The Immune System

Immune System Lines of Defense

Ready to read some more technical but simply fascinating information? Sure you are!

Our Immune System army has 3 Lines of Defense:

  1. Physical and Chemical barriers (innate immunity) such as the skin and mucous membranes
  2. Non-specific Resistance (innate immunity) such as phagocytosis and inflammation
  3. Specific defense mechanisms (acquired immunity) that provide protection by stimulating unique antibodies following exposure to specific substances.[1]

Let’s review each of these.

First Line of Defense: Physical and Chemical Barriers

Skin

The epidermis is our very first line of protection.[2] Periodic shedding of the dead cells in the epidermis is a way to remove toxins and microbes. When we exert energy during physical exercise and we perspire, we then flush dead skin and microbes from the surface of our skin.  The use of saunas or hot baths to “flush out toxins” via sweating is an age-old practice.
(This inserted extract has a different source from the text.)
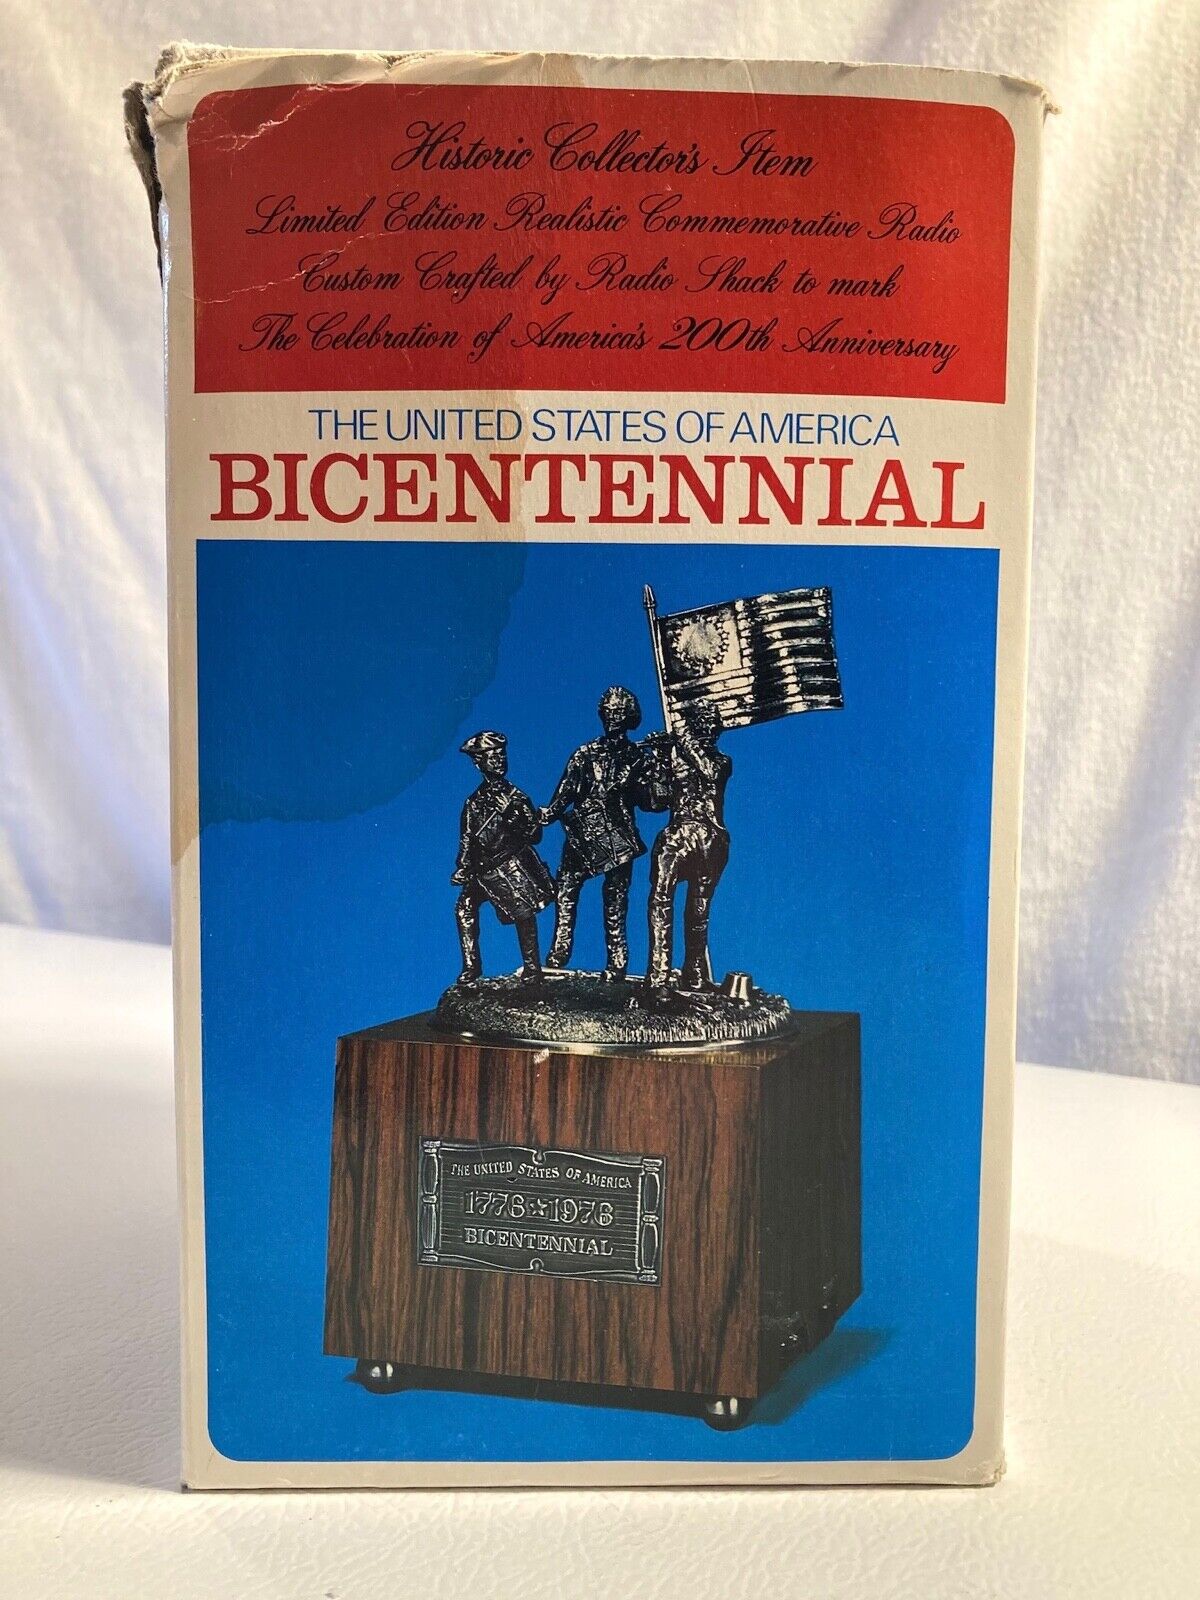 NEW Realistic 12-1776 1976 Bicentennial AM Radio w/ Original Box - Made in Japan

Our skin actually has its own community of microbes called the skin normal flora. There are literally trillions of bugs (bacteria and fungi) that live on our skin. Itchy yet? 😉 The skin microbiome varies depending on the location, the amount of light and whether the area is moist, dry, hairy, or oily. It also differs with age, gender, place of residence (even differentiating between urban and rural habitation), and cohabitation with other humans or animals.[3] The skin is naturally acidic which can deter hostile microbes. Obviously when we get a cut on our skin, the barrier is damaged, allowing pathogens to enter the body and travel via blood and lymph. This also brings up a poignant point on overuse of anti-bacterial soaps, wipes and hand sanitizers that kill our normal flora, leaving us more susceptible to pathogens.[4]

Did You Know?

We all know handwashing with soap is superior to any other method of cleaning our hands to ward off pathogens. Do you ever think about the type of soap you’re using? Do you reach for products that are labeled “antibacterial”, thinking it will be better to rid yourself of germs? Did you know that in 2014, the FDA in the United States declared that manufacturers had to prove that antibacterial soap was both safe and more effective than simply washing with conventional soap and water in order to sell it, due to health concerns? Canada appears to have had taken a more conservative approach, and puts the onus on the consumer. Canadians are advised to practice “reading labels to avoid buying products with triclosan” and to use soap and water, as “in most cases, antibacterial or antimicrobial soap is not necessary for safe, effective hand hygiene”.[5]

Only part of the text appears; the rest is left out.